İnme 3 Dakikada 1 Ölüme Neden Oluyor!

Türk Nöroloji Derneği'nin Genel Sekreteri Doçent Dr. Şerefnur Öztürk, dünyada her üç dakikada bir kişinin, beyin damarlarındaki kanamanın yol açtığı inme nedeniyle yaşamını kaybettiğini bildirdi.

Belek'te yapılan 45. Ulusal Nöroloji Kongresi'ni düzenleyen Türk Nöroloji Derneği'nin Genel Sekreteri ve Ankara Numune Eğitim ve Araştırma Hastanesi 1. Nöroloji Kliniği Şef Yardımcısı Doçent Dr. Şerefnur Öztürk, nörolojik hastalıklarda çağın gelişmelerine bağlı olarak tüm dünyada artış görüldüğünü söyledi.

Buna, ''risk faktörlerinin globalleşmesi'' denilebileceğini vurgulayan Öztürk, insanların benzer şekilde, benzer ortamlarda yaşadığını, eğlendiğini ve hayatlarını sürdürdüğünü, beslenme şekillerinin neredeyse tüm dünyada aynı olduğunu kaydetti.

Son yıllarda inme hastalığının da buna paralel artış gösterdiğini anlatan Öztürk, beyin damarlarında kanama sonucu ortaya çıkan inmenin, her 3 dakikada bir kişinin ölümüne yol açtığını söyledi.

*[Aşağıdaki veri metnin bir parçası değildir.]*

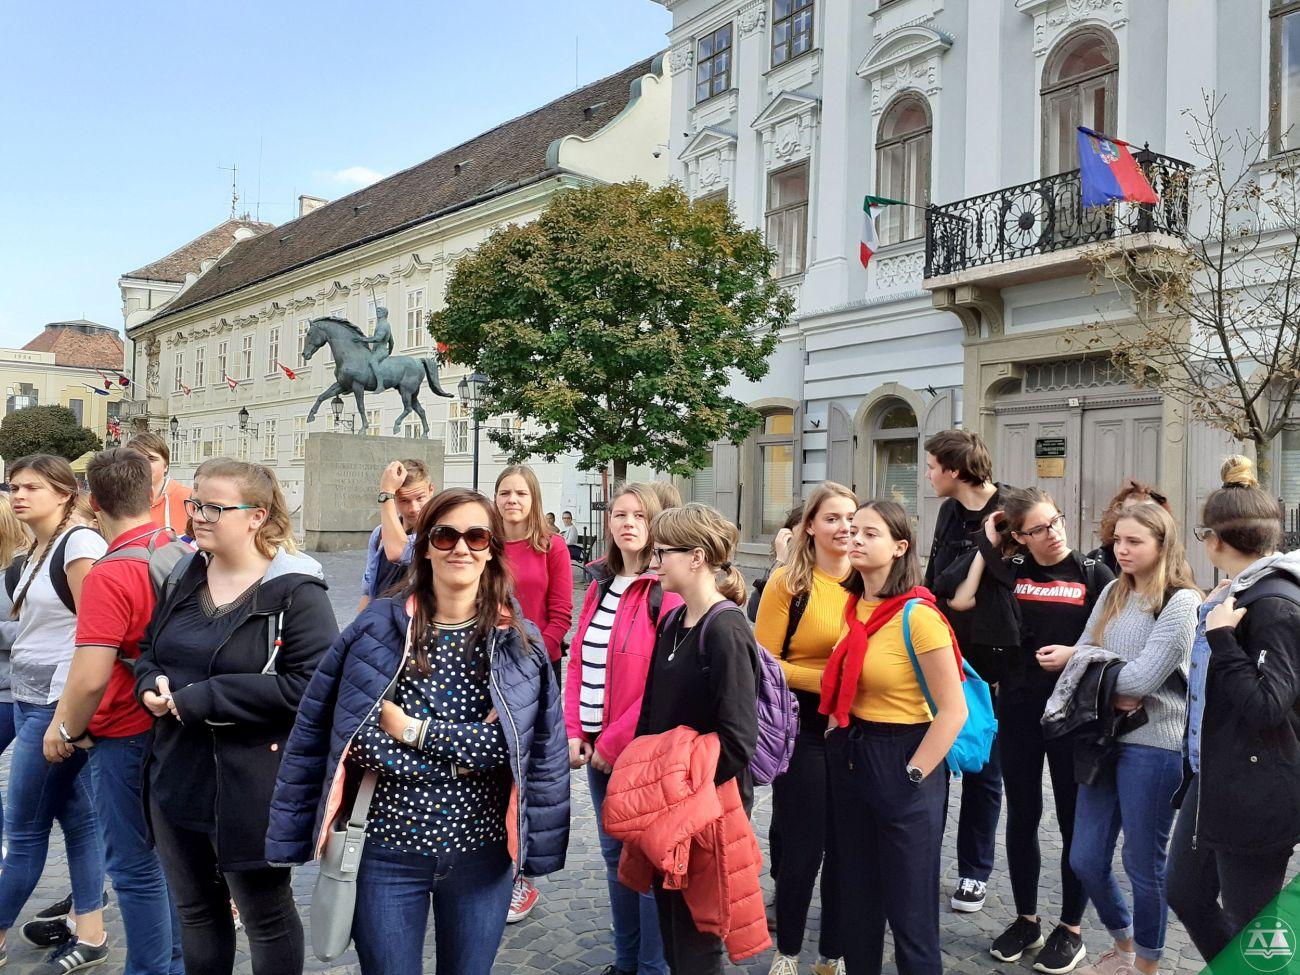 Strokovna-ekskurzija-v-Szekesfehervar-2019-021
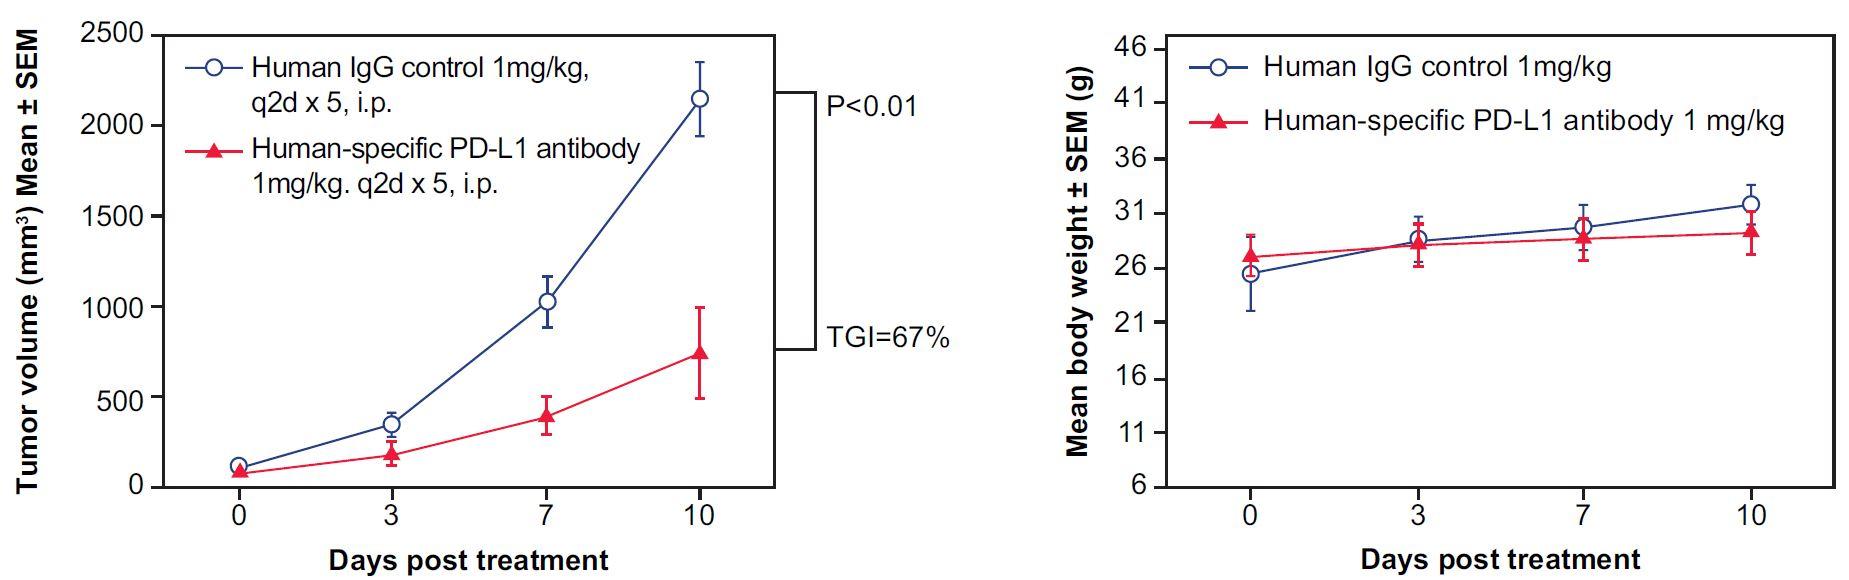 appnote-animalmodel-mouserepository-humanicp-pd-l1-1

Yüksek tansiyon, kan lipidlerinin yüksekliği, şeker hastalığı, hareketsizlik, kötü beslenme, sigara kullanımı, ağır alkol tüketimi, kalp hastalıkları, kalp ritm bozuklukları, enfarktüs, obezite, stres ve migrenin inmeye yol açabildiğine işaret eden Öztürk, şöyle konuştu;

İnme gelen hasta ilk üç saatte tam donanımlı bir hastaneye yetiştirilirse, yaşam fonksiyonları, kimyasal bir ilaç tedavisi uygulanarak geri döndürülebiliyor. Bunun için hastalığın başlangıç belirtilerini göz ardı etmemek gerekiyor. Örneğin hastanın bir tarafında kuvvet kaybı, uyuşma, konuşma bozukluğu, çift görme, yutma güçlüğü veya ani bayılma gibi bilinç kaybı, dengesizlik, çok şiddetli baş dönmeleri olduğunda kişinin başka nedenler aramaksızın hemen en yakın sağlık merkezine başvurması önerilir.

İnmeden korunmak için toplumda bireylerin daha ilköğretim çağından itibaren bilinçlendirilmesinin yanı sıra 112 Acil Servis'in de etkin kullanılması çok önemli. İnmeli bir hasta için 112 Acil Servis arandığında, içindeki sağlık görevlisinin hastayı donanımlı bir hastaneye hiç vakit kaybetmeden götürmesi, hatta hastaneyi arayarak iletişime geçmesi lazım. Hastanelerin de kendi organizasyonlarını tamamlayarak bu şekildeki hastaları kabul edebilecek koşulları oluşturmaları lazım.